As Crown Prince, Charles's brusque manner had led many to regard his future accession with some apprehension, yet he proved to be one of the most popular of Scandinavian kings and a well-respected follower of the constitution. His reign was appreciated for its manifold and far-reaching reforms. Sweden's existing municipal law (1862), ecclesiastical law (1863) and criminal law (1864) were enacted appropriately enough under the direction of a king whose motto was: Land skall med lag byggas – "With law shall the land be built". Charles also helped Louis De Geer to carry through his reform of the Parliament of Sweden in 1866. He also declared the freedom of women by passing the law of legal majority for unmarried women in 1858 – his sister Princess Eugenie became the first woman who was declared mature.

Though known as King Charles XV (15th) in Sweden (and also on contemporary Norwegian coins), he was actually the ninth Swedish king by that name, as his predecessor Charles IX (reigned 1604–1611) had adopted a numeral according to a fictitious history of Sweden.

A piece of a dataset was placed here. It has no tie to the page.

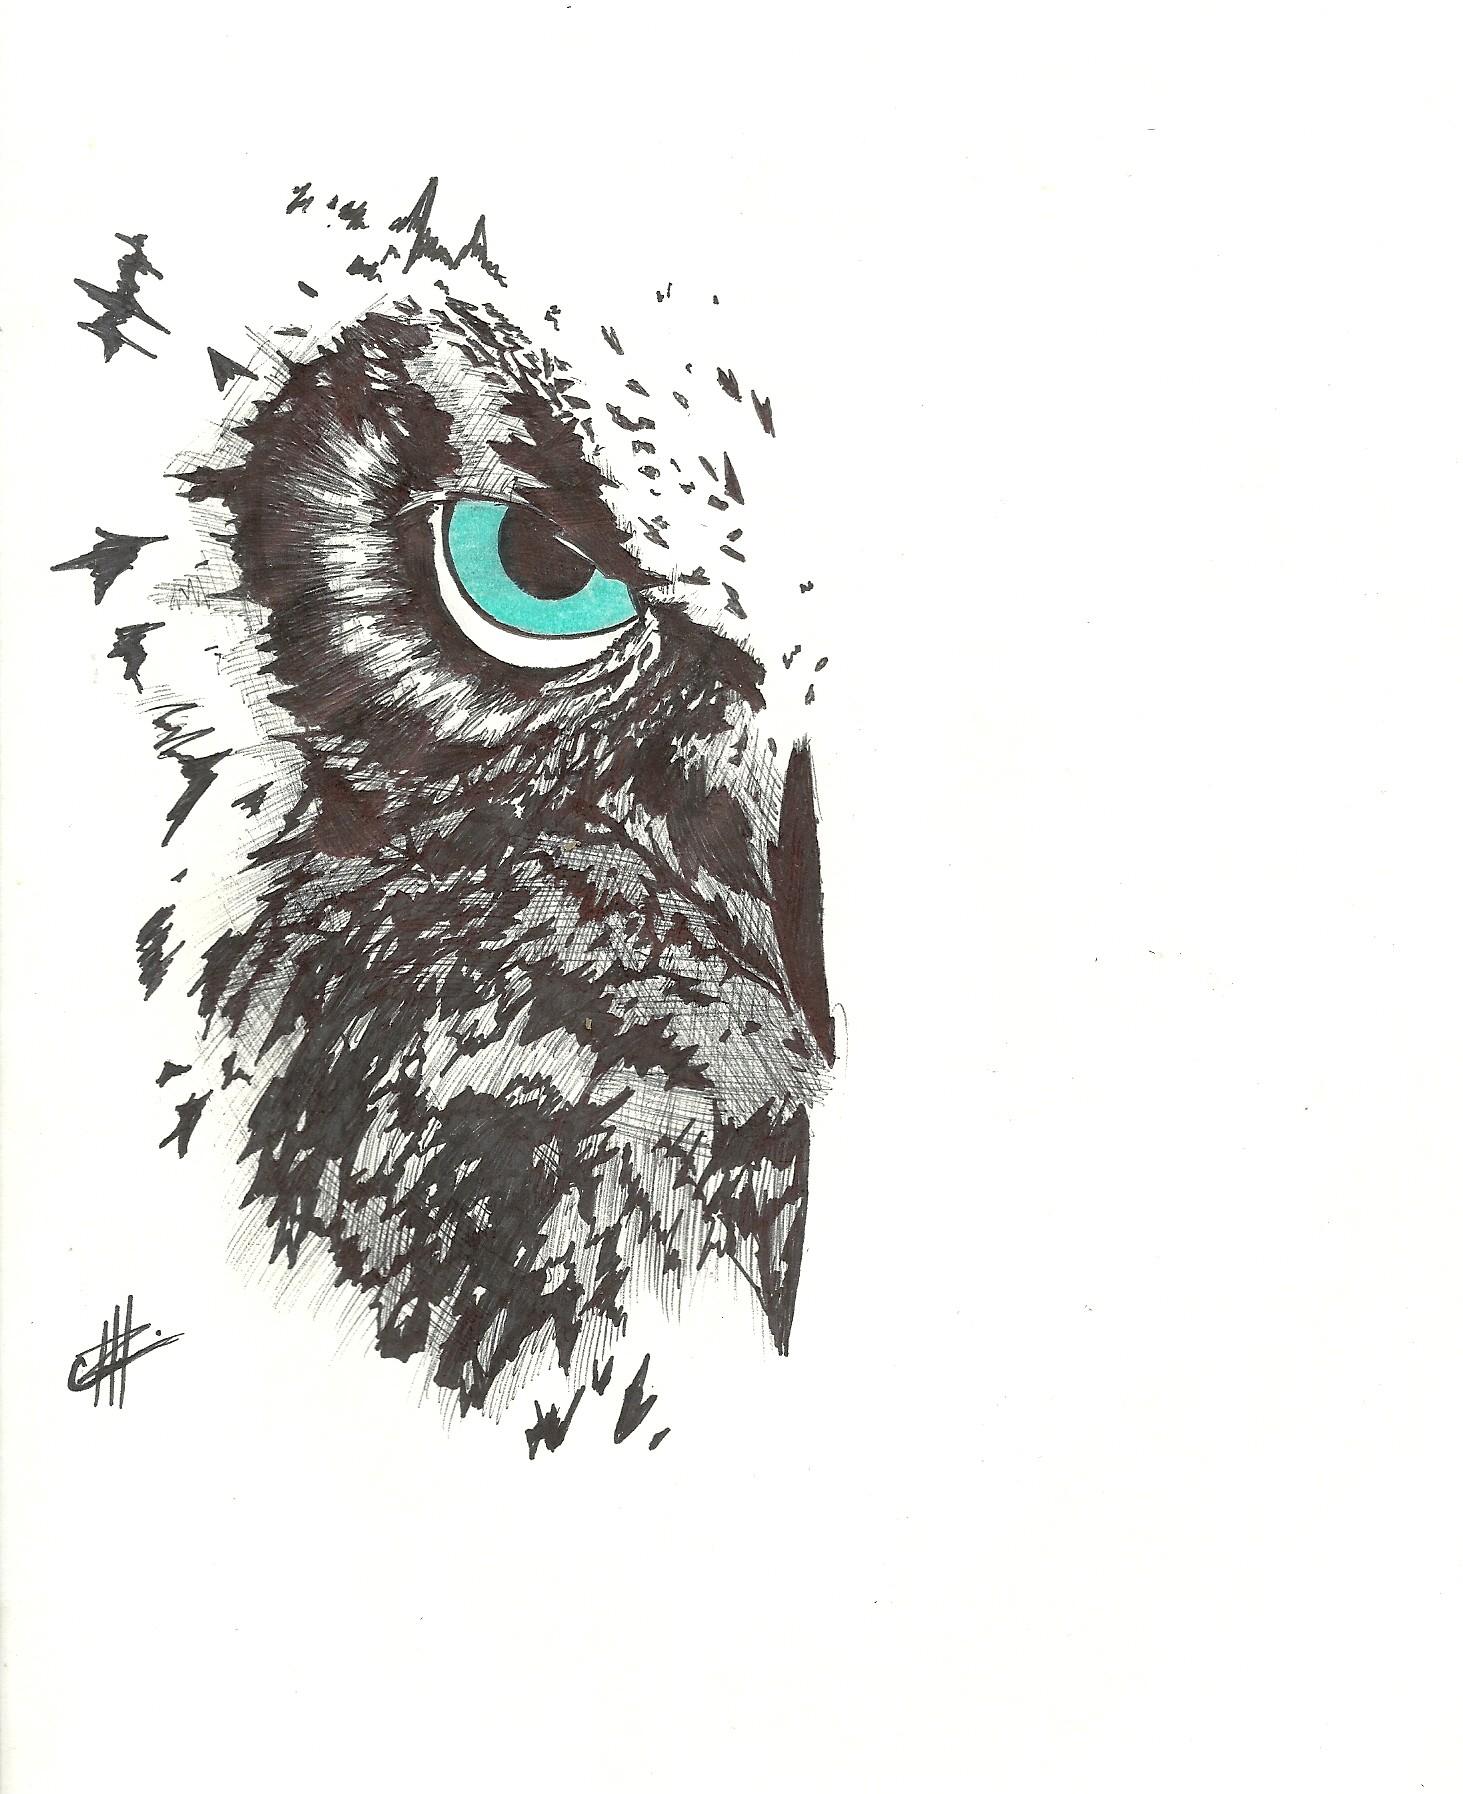 ArtStation - Owl Tattoo Idea, Christian Yégües

Charles, like his father Oscar I, was an advocate of Scandinavianism and the political solidarity of the three northern kingdoms, and his friendship with Frederick VII of Denmark, it is said, led him to give half promises of help to Denmark on the eve of the war of 1864, which, in the circumstances, were perhaps misleading and unjustifiable. In view, however, of the unpreparedness of the Swedish army and the difficulties of the situation, Charles was forced to observe a strict neutrality. On behalf of Charles, Dirk de Graeff van Polsbroek, Dutch diplomat in Japan, concluded a "Vänskaps-, handels- och sjöfartstraktat" ("Friendship, Trade and Maritime Treaty") between Sweden-Norway and Japan on 11 November 1868 (see the Treaty of Yokohama). The treaty opened Hakodate, Yokohama, Nagasaki, Kobe and Osaka to trade for Swedish and Norwegian traders (Article 3). The treaty also gave Sweden-Norway the opportunity to send consuls to the newly opened ports, where they were given the right to exercise jurisdiction over Swedes and Norwegians (consular jurisdiction).

Plagued by ill-health for the last years of his life, Charles succumbed to abdominal tuberculosis in Malmö on 18 September 1872.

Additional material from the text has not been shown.